From the bondage of caste there is therefore one possible escape—through self-torture and penance,—but the remedy is as bad as the disease. It was Buddha who taught a doctrine that furnished a real relief from all this in the utter abolition of the caste system. Driven out of India, this doctrine spread throughout Ceylon, Farther India, China, Thibet, and among the Tartars of Siberia, and to this day numbers more human beings in its faith than any other form of religion. It gives all families a chance to ascend to the highest state of religious culture.

Buddhistic emancipation is from the rigid bonds of family as well as from caste. Any family having four sons must devote one to a monastic life. This demands the renunciation of all personal wishes and longings—all desires, all pride, and anger, and stubbornness; then the devotee reaches Nirvana and all will and consciousness have sunk into the rest and quiet of non-existence, and are purified of all finitude and special existence. In Nirvana ceases all change—no more beginning and ending—no more birth and death—perfect rest.

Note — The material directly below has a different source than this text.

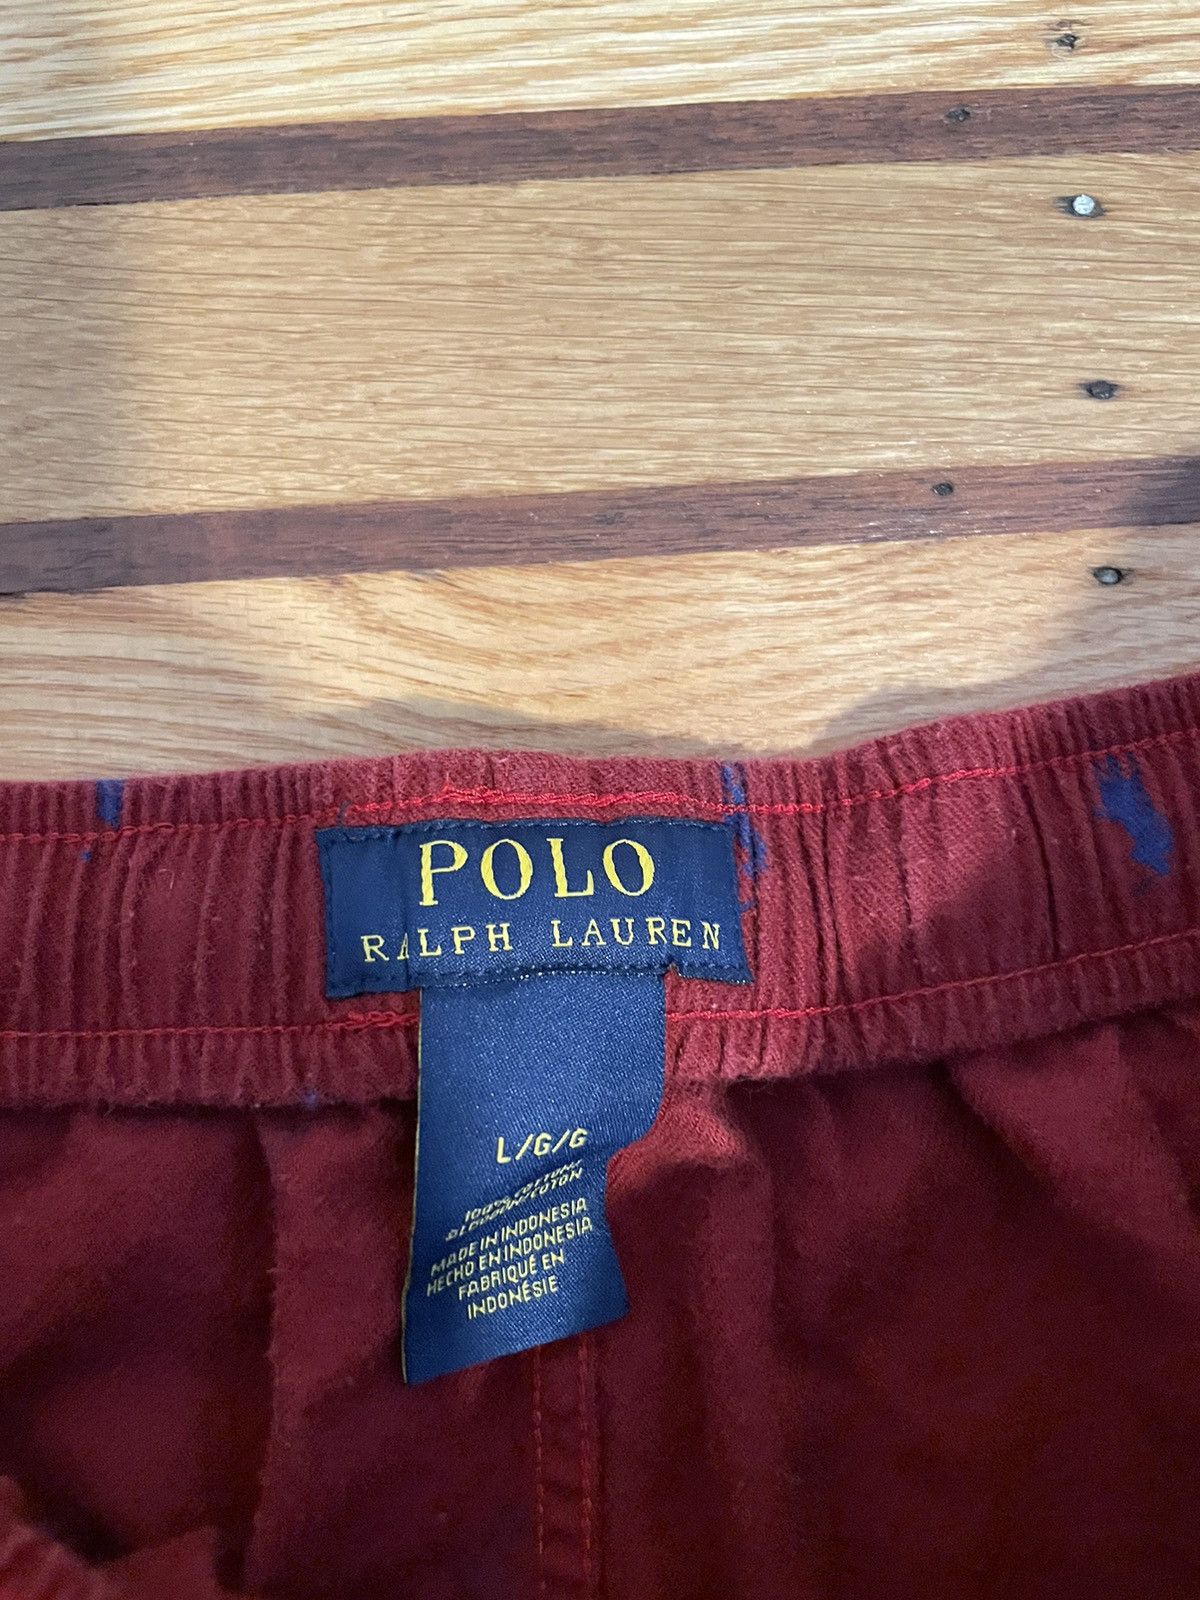 Ralph Lauren Vintage Polo Ralph Lauren Sleepwear Monogram Pants Trousers Size US 31 - 7 Preview

In the catechism of Chinese Buddhism there are ten duties prescribed: (1) Slay no living being; (2) steal not; (3) be chaste; (4) speak nothing wrong; (5) drink nothing intoxicating—these are also found in primitive Buddhism—another five duties are added relating to external rules of the order: (6) Do not perfume the hair on the top of the head, nor paint the body; (7) do not listen to songs nor attend the theater; (8) do not sit or lie on a large cushion or pillow; (9) do not eat except at meal-time; (10) do not own gold or silver, or anything of value as private property. The ideal is that of mendicancy—pious beggary.

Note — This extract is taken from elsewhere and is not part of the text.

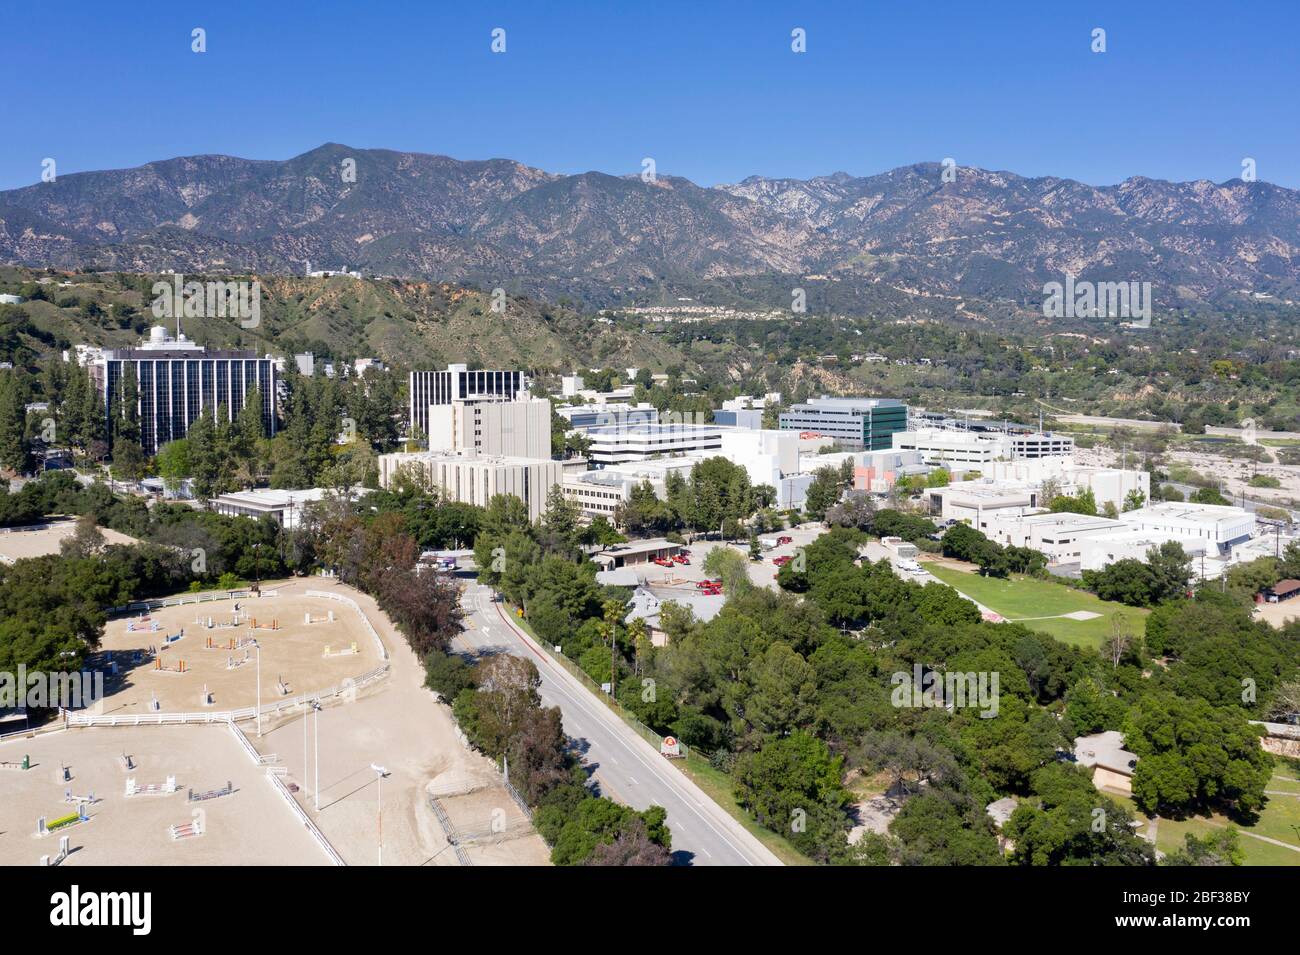 Aerial view of the NASA & Caltech run Jet Propulsion Laboratory (JPL) located in the foothills above Pasadena in La Canada Flintridge, California Stock Photo

Its ideal of the divine is no higher than that of India. God is conceived, not as a personal being having consciousness and will and love (our Christian conception), but rather as a being above personality and consciousness (the Hindoo conception). Hence the Buddhist still strives for the annihilation or extinction of his conscious individuality, just as the Indian devotee, but without those frightful penances, and without cruel laws of caste.

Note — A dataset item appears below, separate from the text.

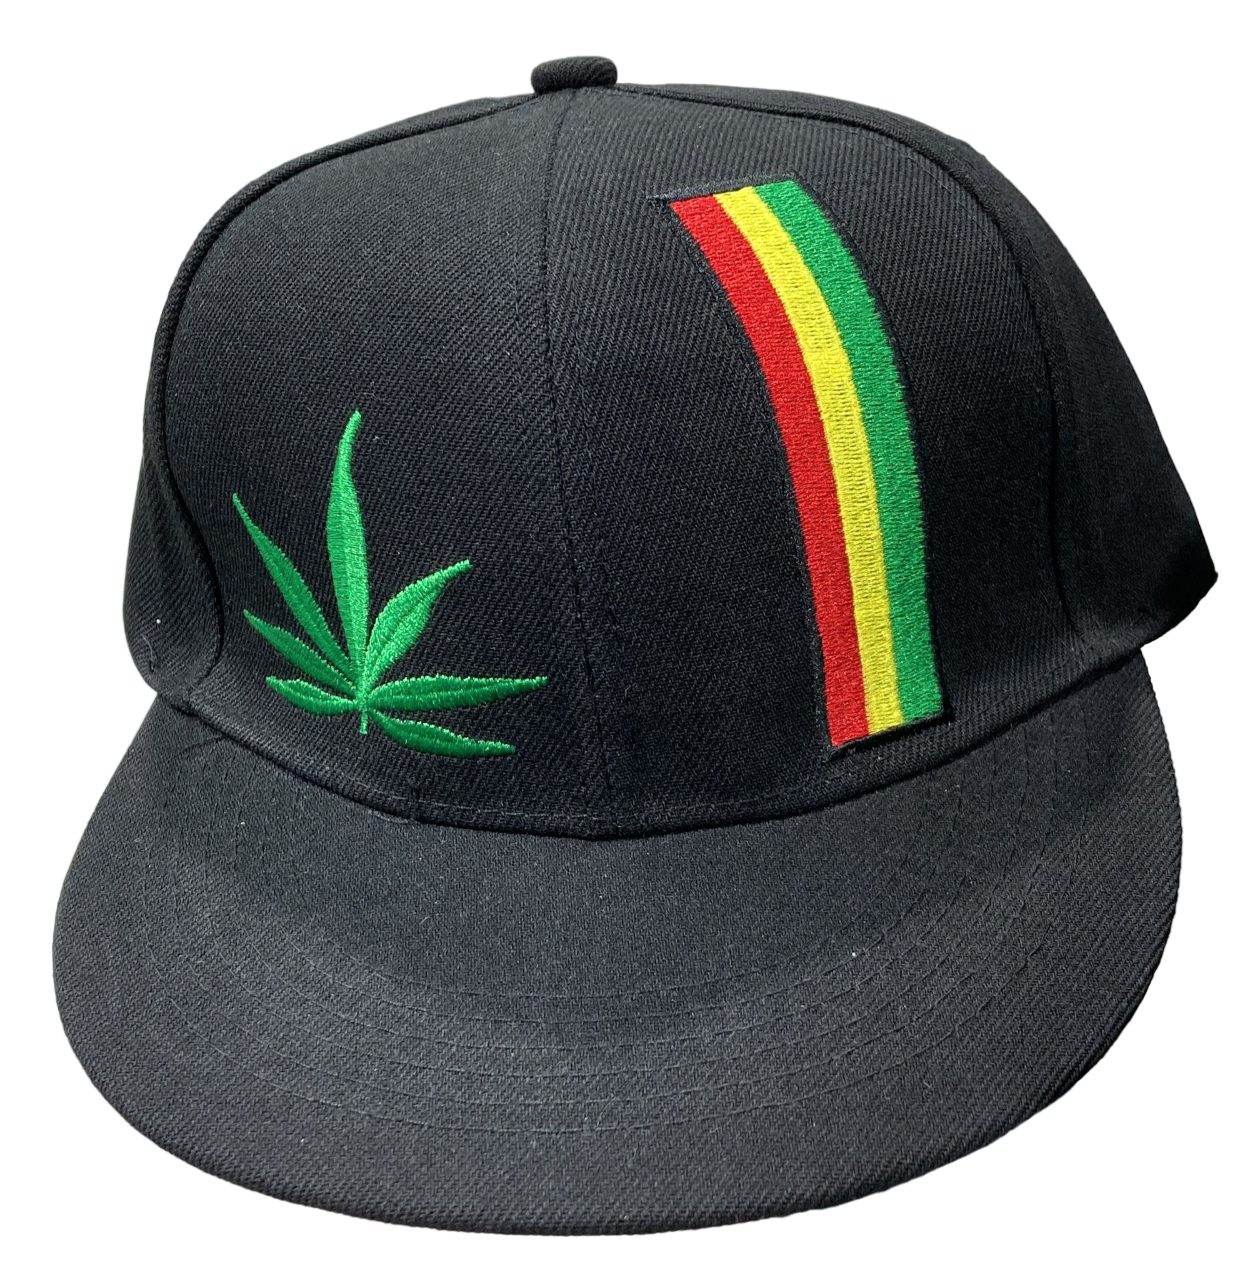 Adjustable Baseball Hat - Marijuana and Rasta Patch (Solid Black) - MK Distro

We can not commend the views of those who find in Buddhism, as portrayed in the “Light of Asia,” a doctrine almost or quite equal to Christianity. To us it seems to be infinitely below Christianity. Its conception of God and of God’s creation is just the opposite of the Christian conception, for in Christianity we believe God to be a personal being, who reveals himself in nature and man, and even becomes human in his Son, and dies on a cross out of love for the human race. Man can grow forever into the image of God, realizing that image in his will, his love, his intellect, because God is all there in an infinite degree, while to the Buddhist God is none of these but a being who is the negative of nature and of man too. Hence the education of Brahminism and Buddhism is based on an idea radically opposed to our own.